August 13, 2013 at 10:12 am
hi,
i've a query that's used to build a delta set between two tables and for some reason i'm getting what look like false positives over a particular column. Table A's column stores a varchar value, where Table B's column stores an nvarchar value.
I've performed a cast on Table A's varchar value to promote it nvarchar of the same length in table B, and i've checked the content length (i.e. the LEN function) on both columns in both tables to ensure the data is same length. i'm even doing an LTRIM(RTRIM()) on both columns as well.
still getting a row back indicating the two values are different.
the source data is coming from a database in the UK and the values sometimes contain non alpha-numeric characters. i'm probably wrong, but i'm wondering if some of these characters have different unicode values? like, even though it looks like a duck, it doesn't necessarily mean it's a duck.
any thoughts on this? many thanks in advance.
ben
August 13, 2013 at 11:24 am
Shot in the dark here but, are you using a case sensitive collation?
-- Itzik Ben-Gan 2001
August 13, 2013 at 11:37 am
that's a valid question! and all data being queried are within database using the Latin1_General_CI_AS collation.
so no, nothing's case sensitive. but because i'll try anything at this point, i added an UPPER() around the two columns. still showing a difference between the two columns.
i also tested the DATALENGTH of these two fields, with Table A's value cast to nvarchar, and they match as well. :sick:
August 13, 2013 at 12:12 pm
Have you tried to compare characters with the ASCII() or UNICODE() functions?

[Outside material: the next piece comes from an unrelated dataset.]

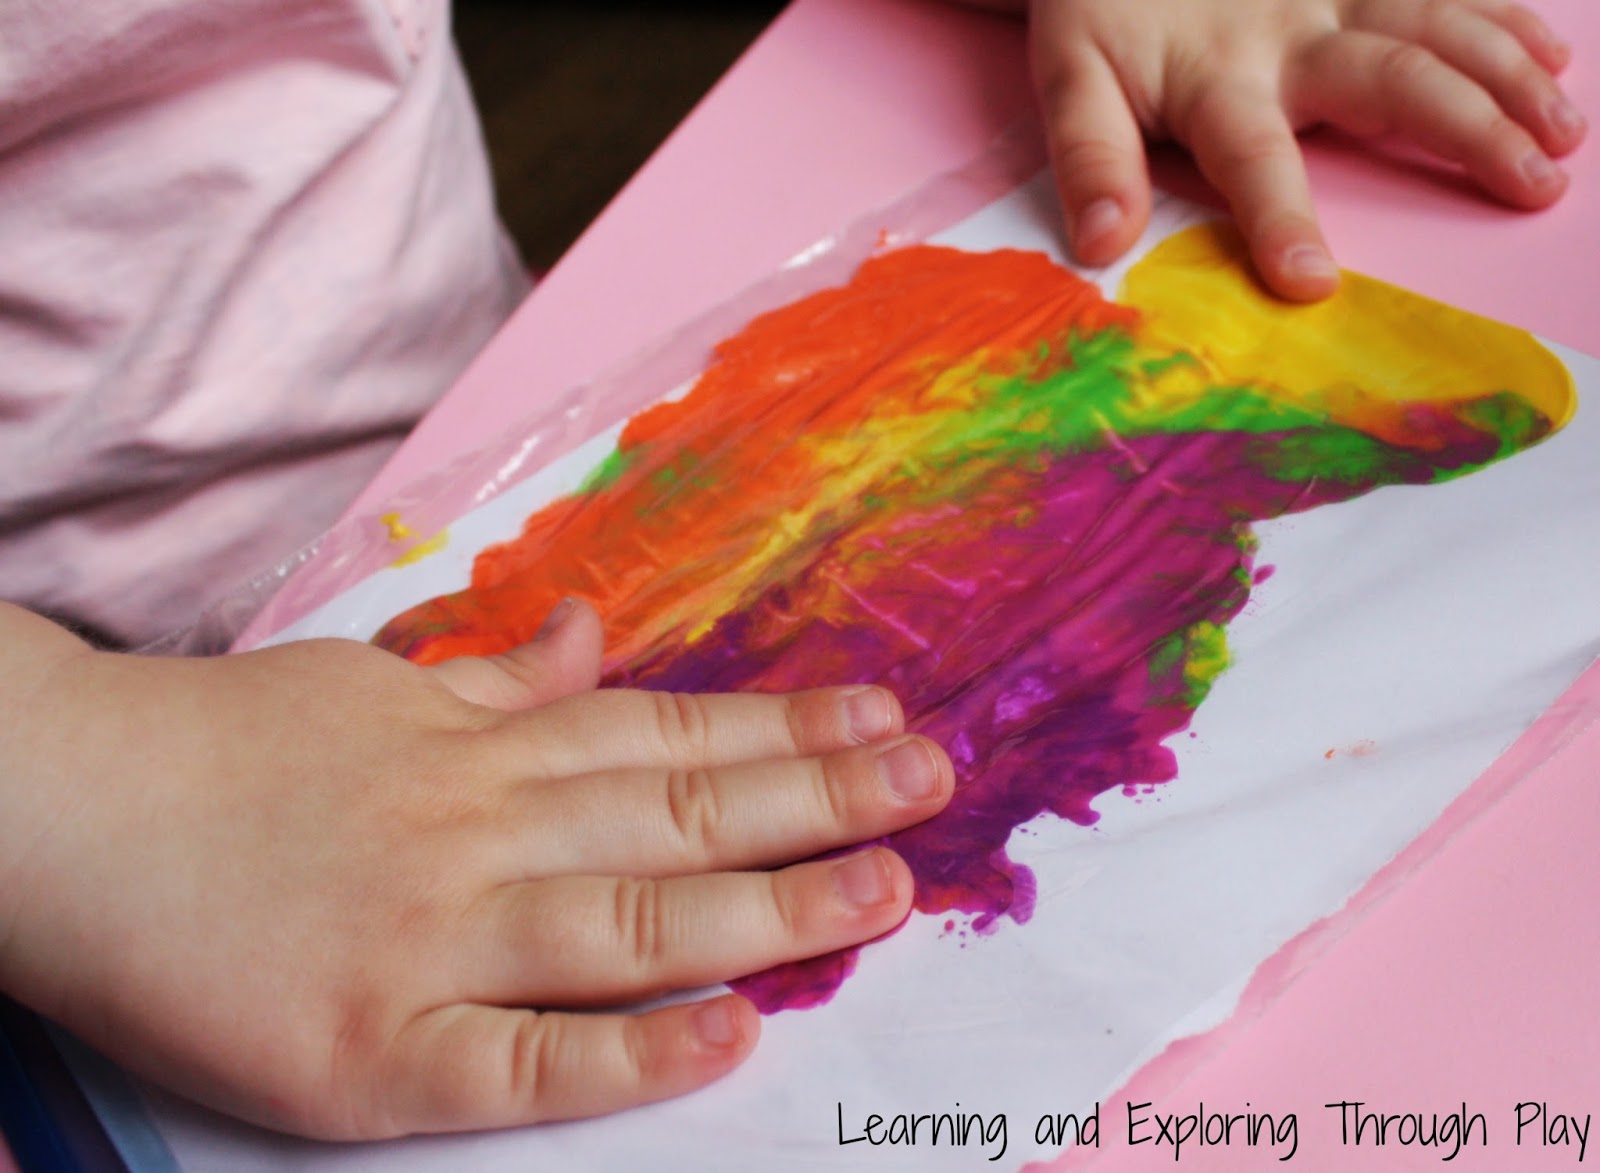 Mess Free Painting for Toddlers  Mess free painting, Preschool fun, Toddler

You might have characters that look alike and are different for SQL Server.
August 13, 2013 at 12:50 pm
the source data is coming from a database in the UK and the values sometimes contain non alpha-numeric characters. i'm probably wrong, but i'm wondering if some of these characters have different unicode values? like, even though it looks like a duck, it doesn't necessarily mean it's a duck.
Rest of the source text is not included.